Patch 2/2 fixes this by calling device_release_driver() in
remove_store() before pci_stop_and_remove_bus_device_locked(), so
that the driver is already unbound when pci_rescan_remove_lock is
acquired. Both paths then take locks in the same order: device_lock
first, then pci_rescan_remove_lock.

Note: the concurrent unbind_store + hotplug-event case (where the
hotplug handler takes pci_rescan_remove_lock before device_lock)
remains a known limitation.
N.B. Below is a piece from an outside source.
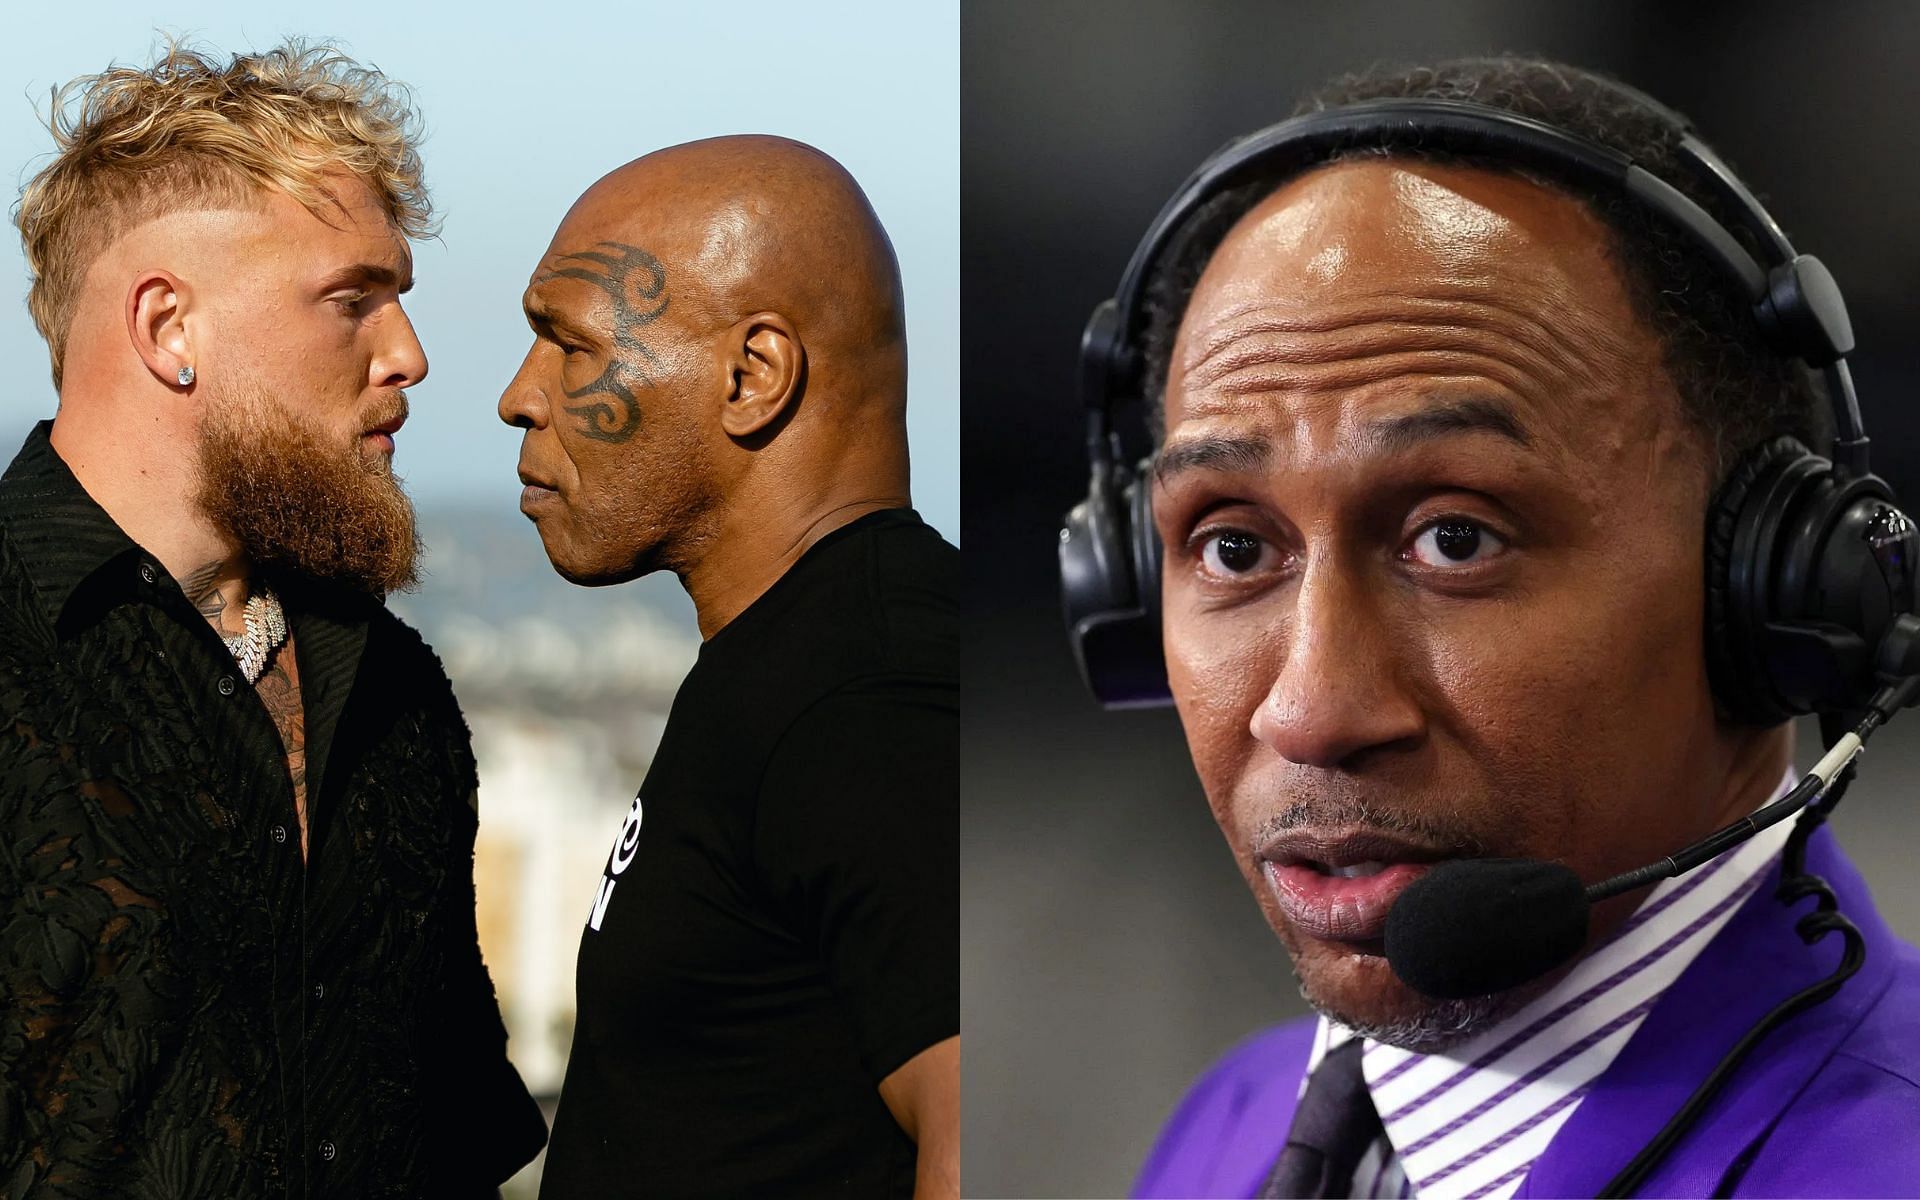 Stephen A. Smith &quot;disgusted&quot; by Jake Paul for decision to box 57-year-old Mike Tyson despite repeated assurances of taking the sport &quot;serious&quot; [Image courtesy: @jakepaul - X, and Getty Images]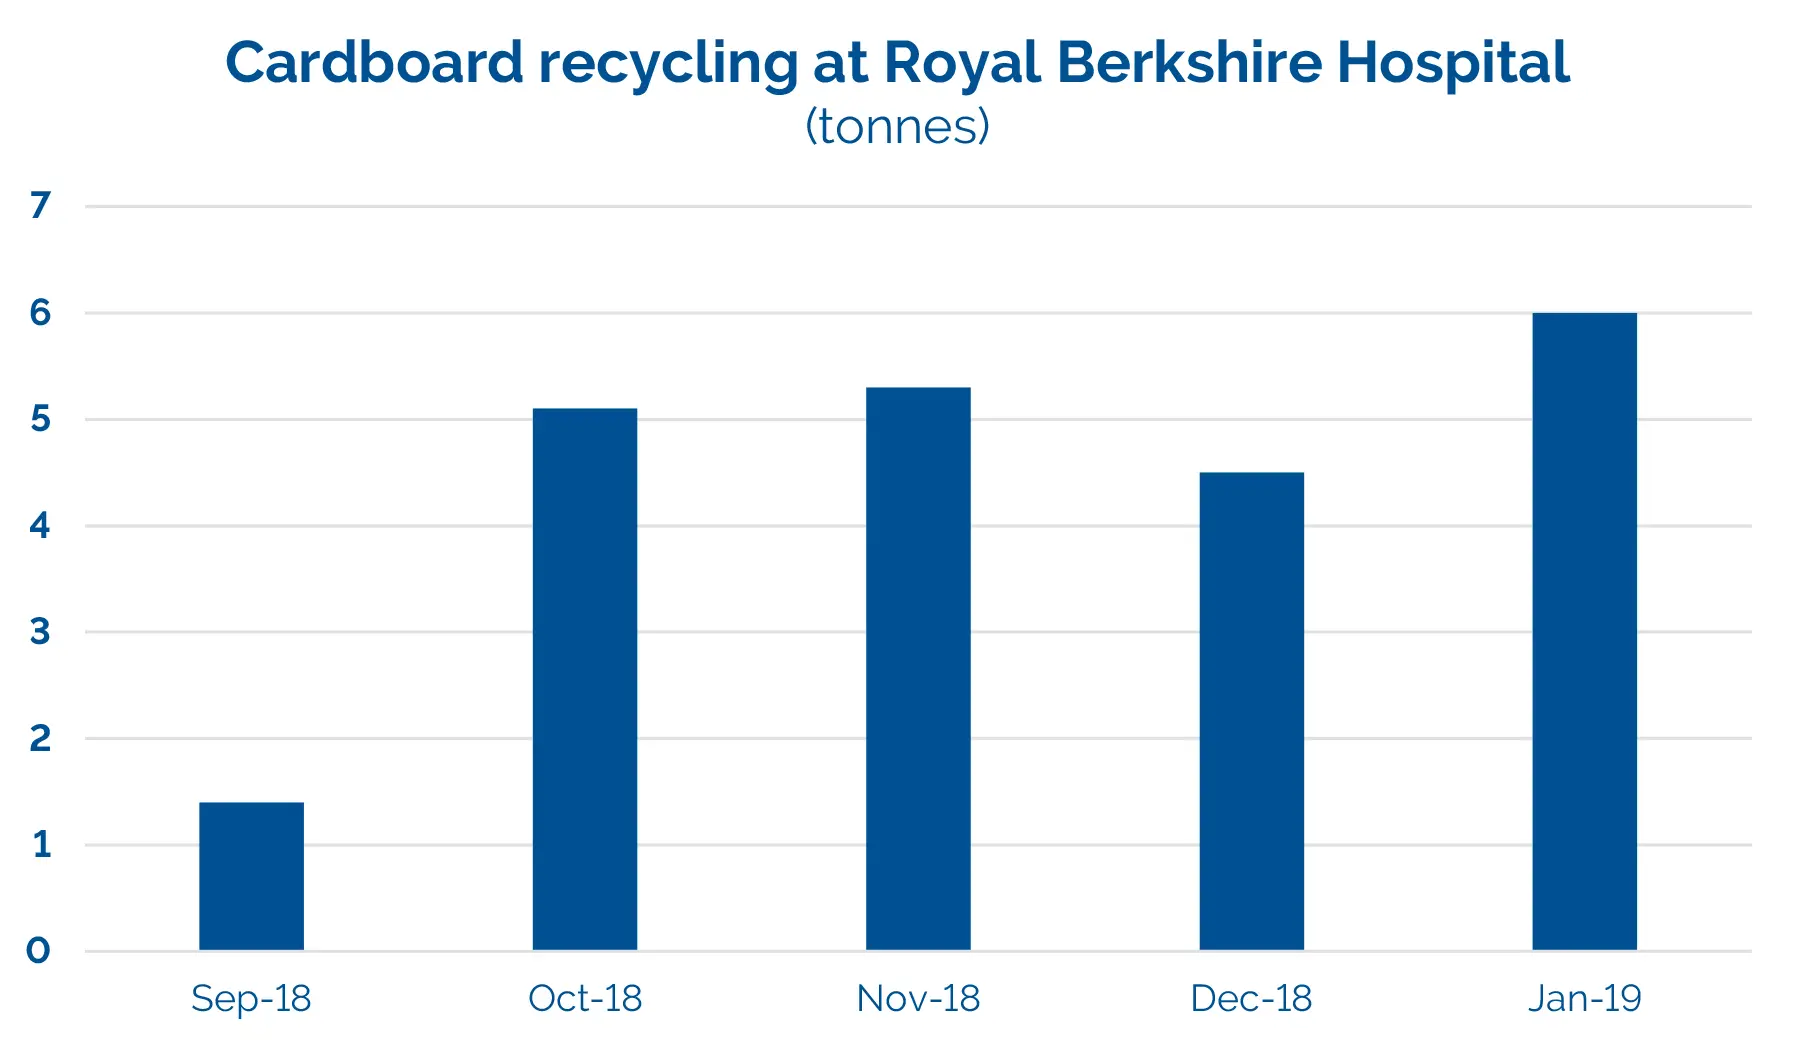 Cardboard recycling tonnages at the Royal Berkshire Hospital in Reading, which increased by 400% between September 2018 and January 2018

This is a pre-existing issue that
Benjamin Block is addressing separately in:
https://lore.kernel.org/linux-pci/354b9e4a54ced67f3c89df198041df19434fe4c8.1773235561.git.bblock@xxxxxxxxxxxxx/

--- snip ---

Ionut Nechita (2):
PCI/IOV: Make pci_lock_rescan_remove() reentrant and protect
sriov_add_vfs/sriov_del_vfs
PCI: Fix AB-BA deadlock between device_lock and
pci_rescan_remove_lock in remove_store

drivers/pci/iov.c | 9 +++++----
drivers/pci/pci-sysfs.c | 20 +++++++++++++++++++-
drivers/pci/probe.c | 11 +++++++++--
3 files changed, 33 insertions(+), 7 deletions(-)

--
2.43.0

Hi Ionut,

For your awareness, I saw that this series has some findings on
Google's new Sashiko AI reviewing tool[0]. At a quick glance the
findings seem like at least reasonable concerns to me. I'm still
looking at this independently also of course.


It is almost scary to see how many problems Sashiko is able to find.
The AB-BA deadlock that the second patch in the series tries to fix
was reported by a prototype version of it when running it on an LTS
backport.

Guenter